Yani Rojin’i öldürmeden önce kirlettiler.
Bir kız çocuğuna cehennemi yaşattılar.
Sonra suya attılar, ardından da iftira attılar.
Bu ülkenin sistemine, kurumlarına, vicdanına sığmayan bir tablo
bu!
Bir yıldır o dosyanın üstünde “intihar” yazıyordu.
Bir yıldır iki canavar dışarıda dolaşıyordu.
Şimdi rapor geldi, evet…
Ama Rojin’in kalbi bir yıldır toprağın altında çürüdü!

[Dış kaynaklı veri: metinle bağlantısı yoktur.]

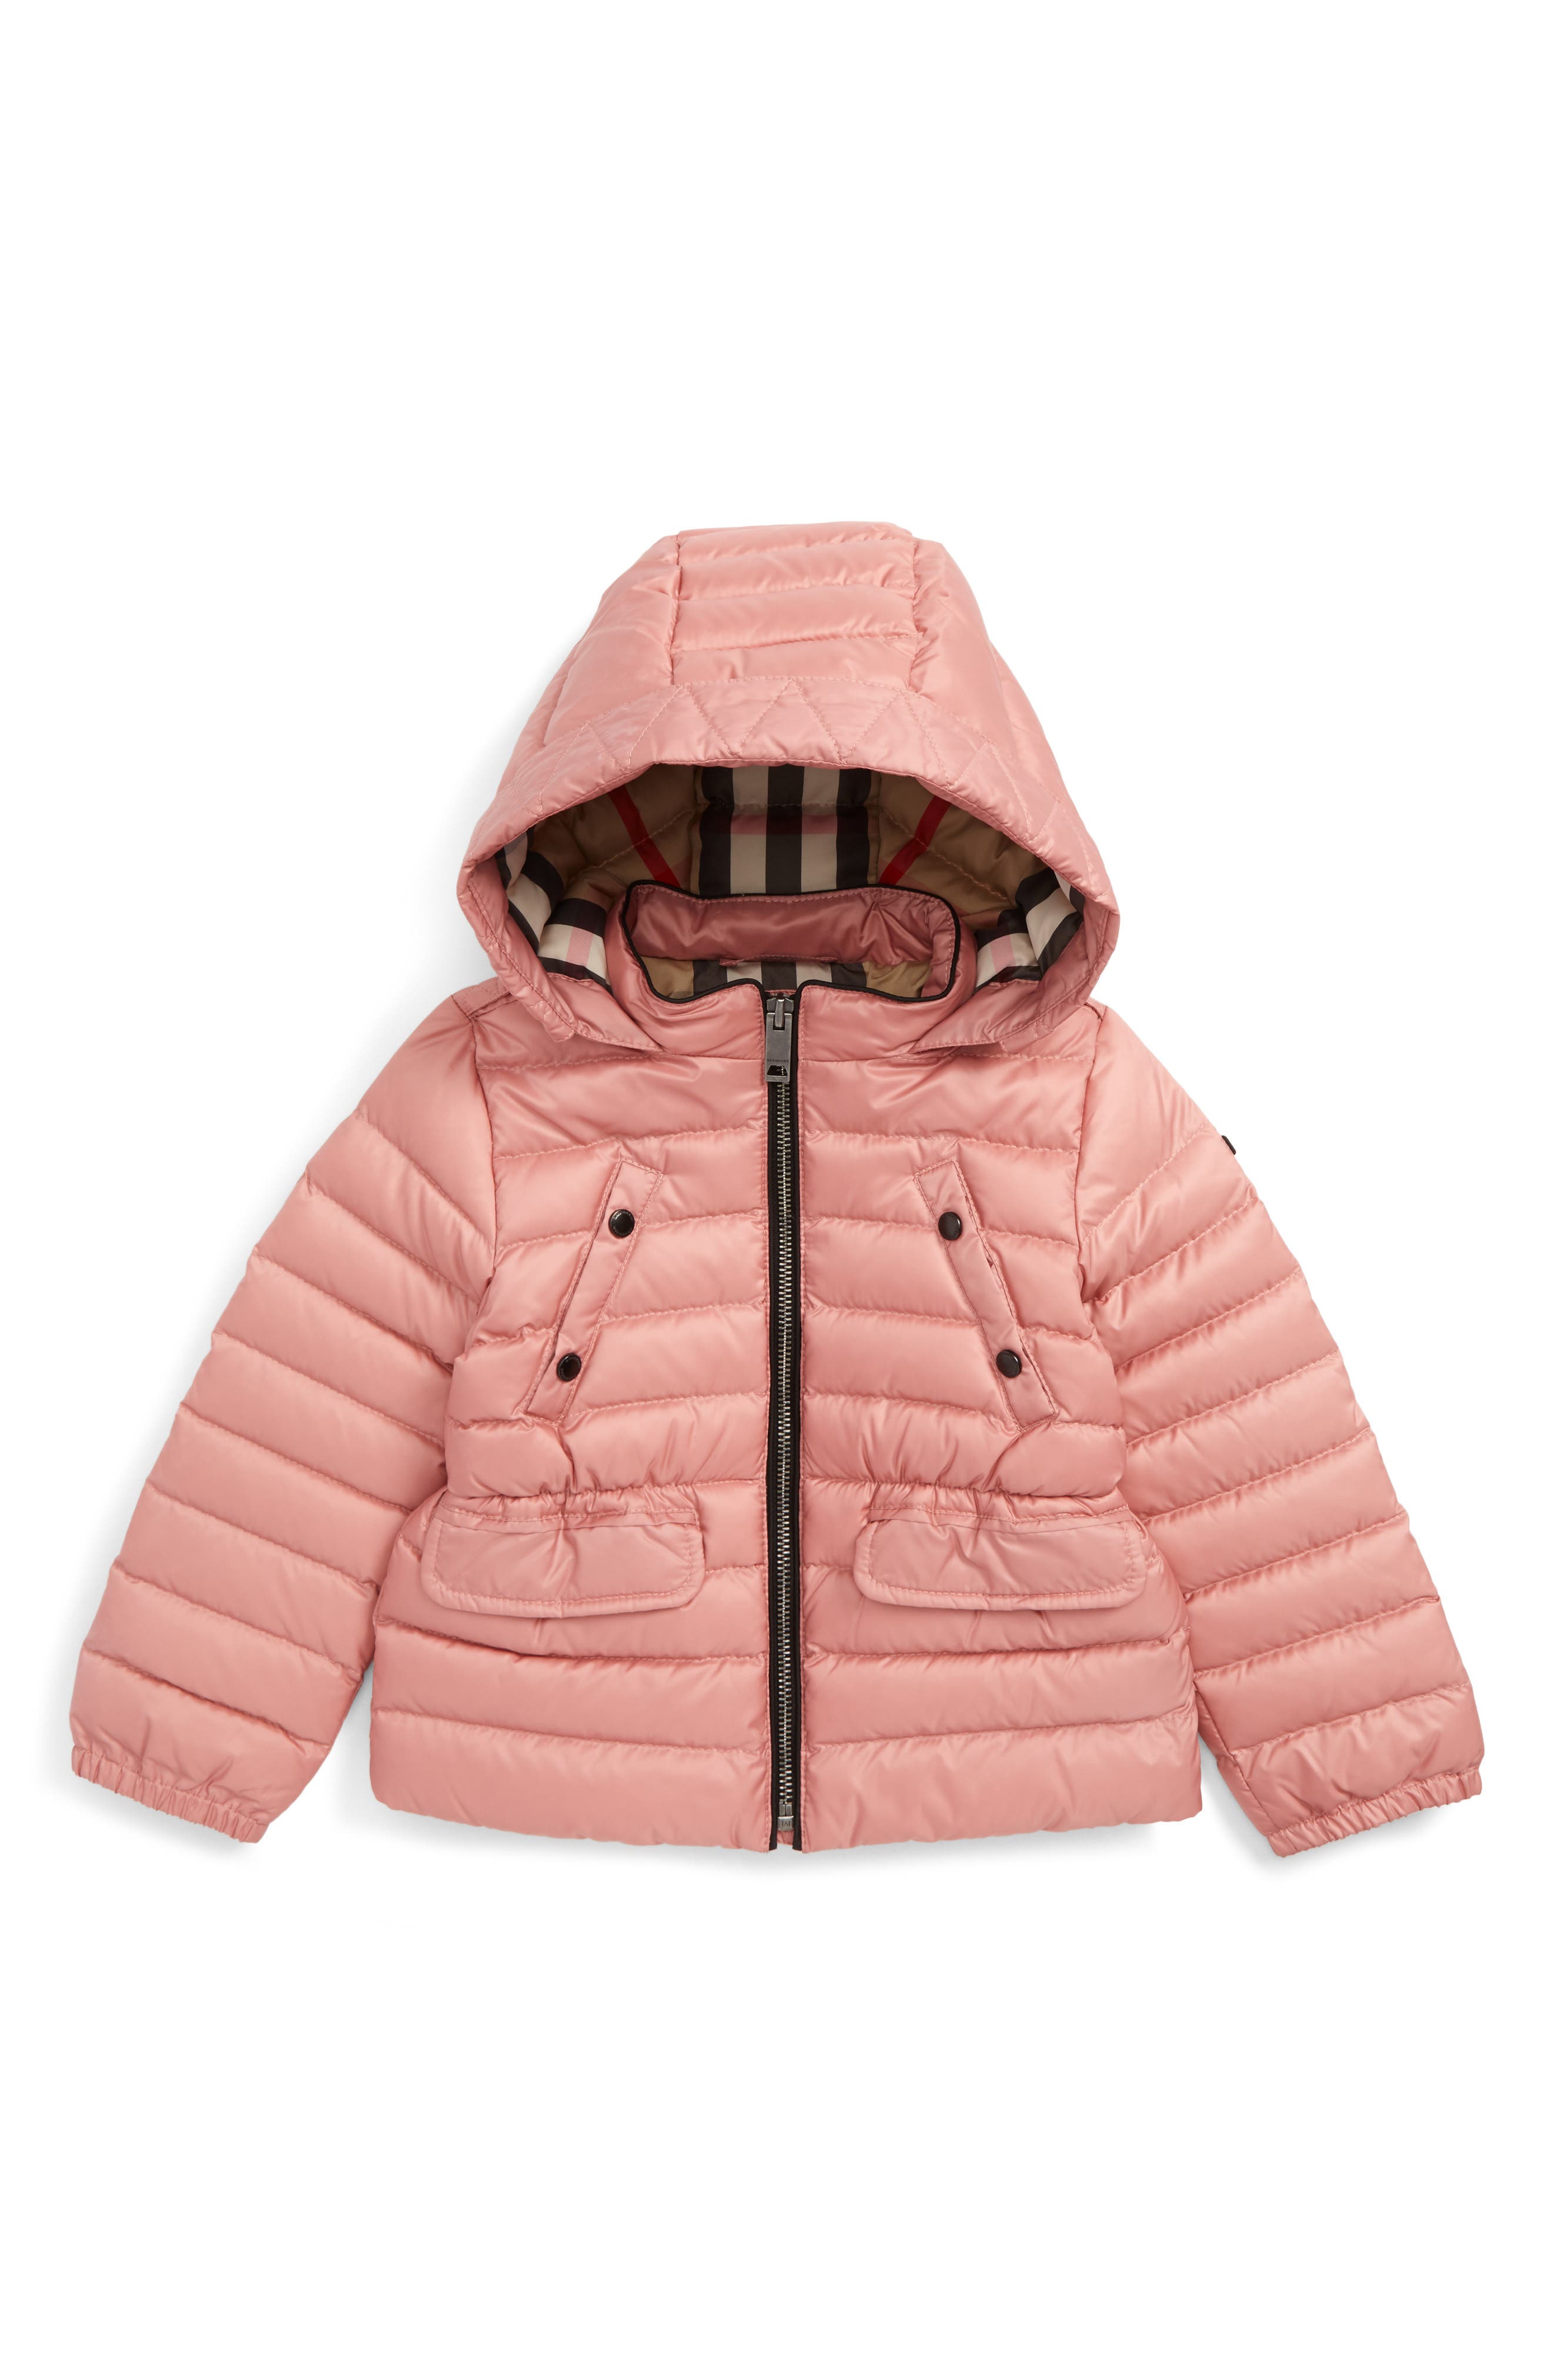 burberry jacket toddler girl

Adalet bu kadar geç geliyorsa, bu adalet
değildir.
Bu, bir sistemin çürümüşlüğünün, vicdanların ölülüğünün
resmidir.
Kız çocukları bu ülkede “ölmeden önce” korunmaz,
“öldükten sonra” gündem olur.
Ve biz her seferinde aynı utanmış cümleyi kurarız:
“Artık yeter!”
Ama hiçbir şey değişmez.
Rojin’in katilleri yurt dışına kaçmış olabilir diyorlar.
Kaçsınlar.
Kaçtıkları her adımda Rojin’in nefesi enselerinde olacak.
Bir baba var bu ülkede.
Kızının adını her sabah dua gibi anıyor.
“Canına kıymadı” diyerek bütün sisteme meydan okuyor.
Bu ülkede kadınlar öldürülürken,
devletin sessizliği suç ortaklığıdır.
Bu ülkede babalar kızlarının mezarına adalet aramak için
gidiyorsa,
bu ülke çoktan iflas etmiştir.
Rojin’e “canına kıydı” dediler.
Hayır!
Onu siz öldürdünüz!
Bir yıl boyunca bir kızın onurunu, adını, hikâyesini
lekelediler.
Bir yıl boyunca “kendi etti, kendi öldü” dediler.
Bir yıl boyunca katiller ellerini kollarını sallayarak gezdi.
Siz sustukça, siz korudukça, siz görmezden geldikçe…
Bu yazı bir köşe yazısı değil.
Bu yazı bir isyandır.
Rojin’in boğazına yapışan karanlığa,
o karanlığı saklayan sisteme,
o sisteme sessiz kalan herkese…
Rojin artık konuşamayacak,
ama bu ülkenin kadınları onun adını haykıracak:
“Canına kıymadı, canı alındı!”
Ve biz susmayacağız.
Çünkü Rojin’in çığlığı gökyüzünde hâlâ asılı…
Ve biz o sesi duyduk artık, geri dönemeyiz.
Bir Baba, Bir Adalet Nöbeti
Bir baba var bu ülkede…
Kızının cansız bedenini buldukları günden beri toprağa değil,
adalete gömülmüş bir baba.
Yorgun ama dimdik.
Yalnız ama haklı.
“Rojin canına kıymadı!” diye her gün haykırıyor.
Bir yıl boyunca karakolların, savcıların, adliyelerin kapısını
aşındırdı.
Kızının onurunu kurtarmak için tek başına savaştı.
Bugün o baba, “adalet yerini buldu” diyemiyor.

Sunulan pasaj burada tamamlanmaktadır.